Although federal estate tax consequences for a single person are nonexistent until the estate exceeds $5.45 million in assets, there are many other reasons why estate planning should be carried out for those Texas residents who are not in that high tax bracket. First, state assessments may impact the estate. Also, the federal exemptions may be lowered at any time that Congress decides to make a change. Such factors and others make it advisable for most people to have at least a simple will to frame their estate upon death.
A will is a versatile document that may do quite a bit more than just deal with tax issues. In it, a testator can provide for various results that are personally preferred. Without it, the state will dictate distributions and procedures for the estate that may not be economical and not what the testator would have wanted. Without a will, it is more likely that excessive and wasteful fees will be incurred.
By making a will, a testator can designate a portion of the net assets to those relatives, friends and charities that the testator prefers to benefit. Otherwise, some of those may receive nothing or far less than intended or desired by the decedent. Additionally, where the individual has reservations about the ability of certain heirs to handle money or assets, a testamentary trust may be established.
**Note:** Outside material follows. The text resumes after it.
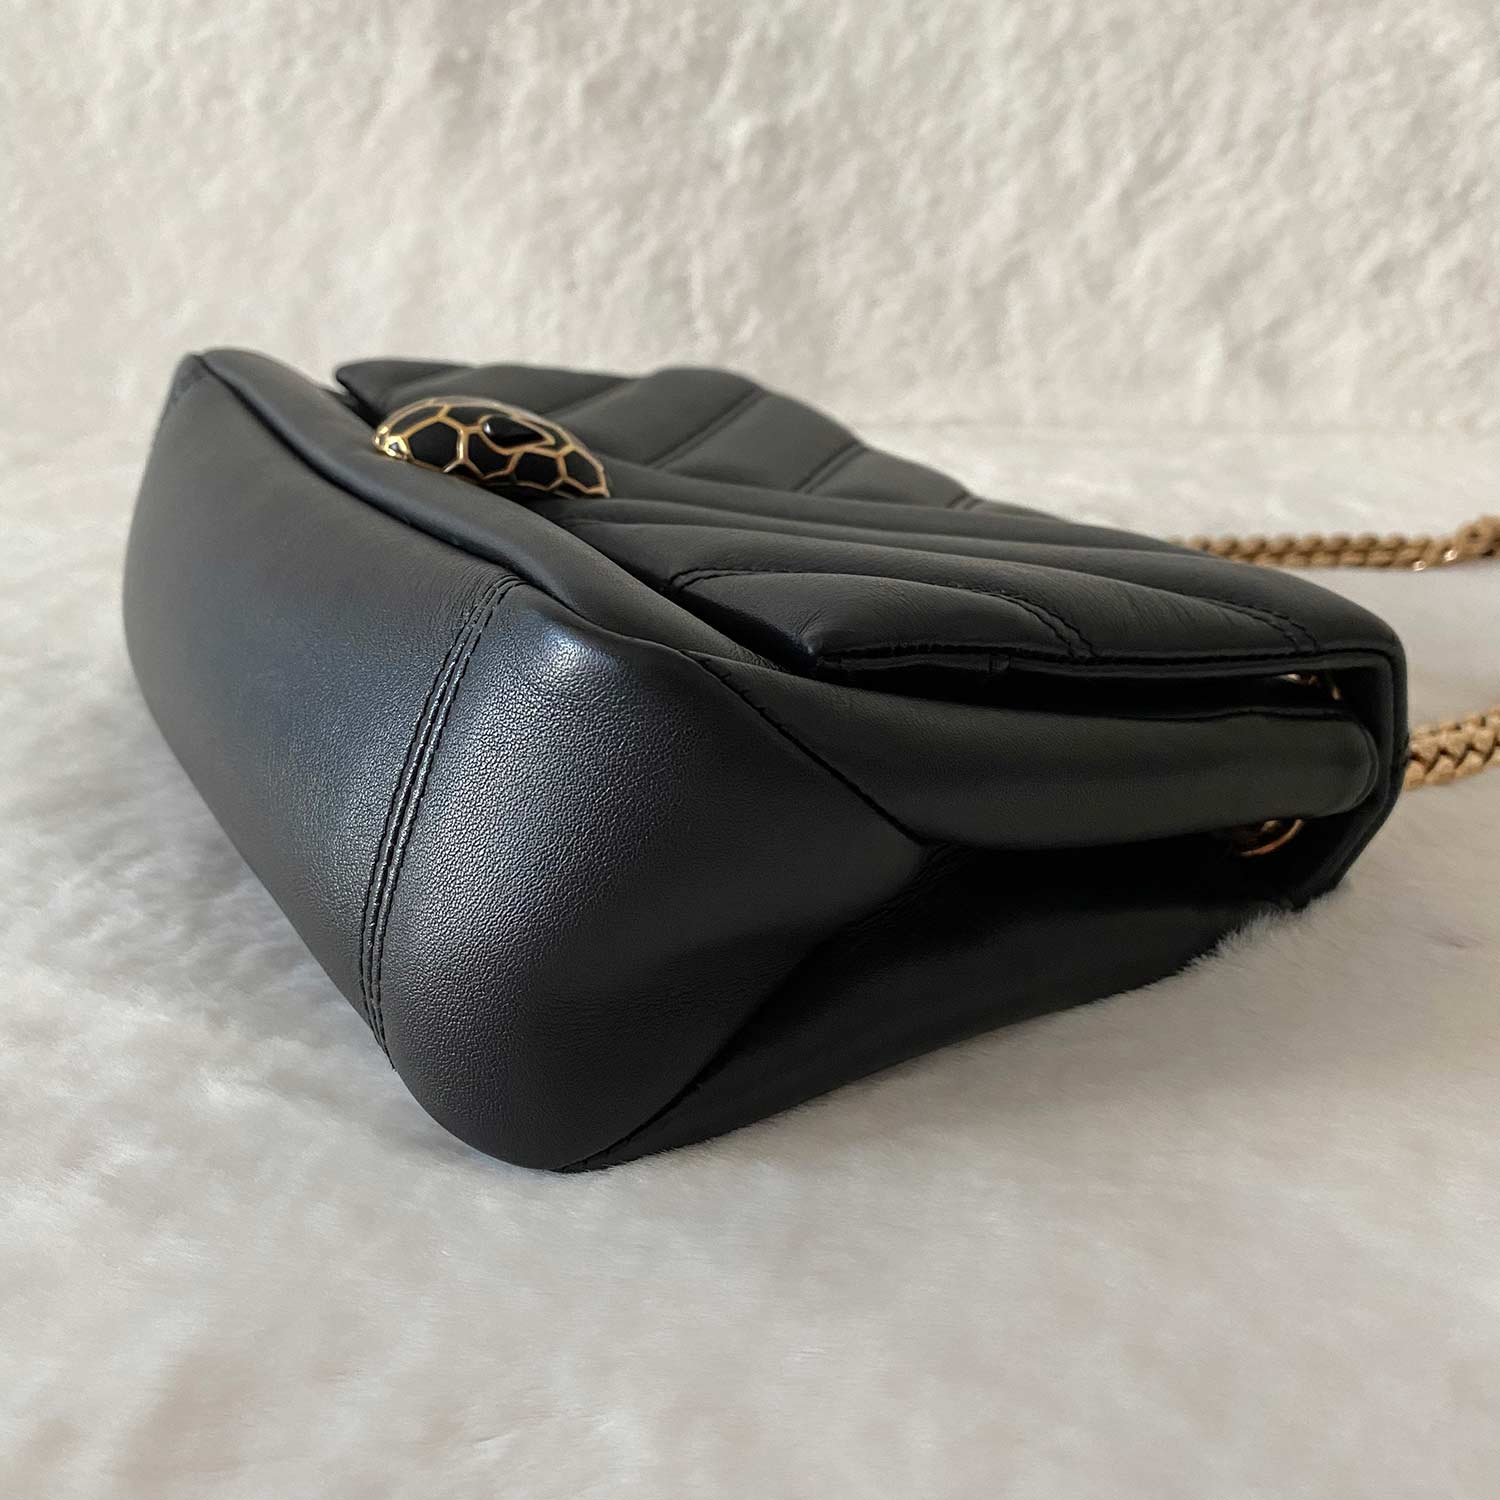 Shop authentic Bvlgari Serpenti Cabochon Shoulder Bag at revogue for ...

In that way, distributions may be gradually released with instructions to the trustee to use the funds only for the beneficiary’s health, education or welfare. The main corpus of the trust may be held until the beneficiary reaches age 21, 25 or it may even be held for a longer period if desirable. There are numerous tax consequences in Texas and federally that arise in the administration of significant trusts, and that should be a topic for the testator to go over with the estate attorney and financial advisers while preparing the estate plan and the simple will.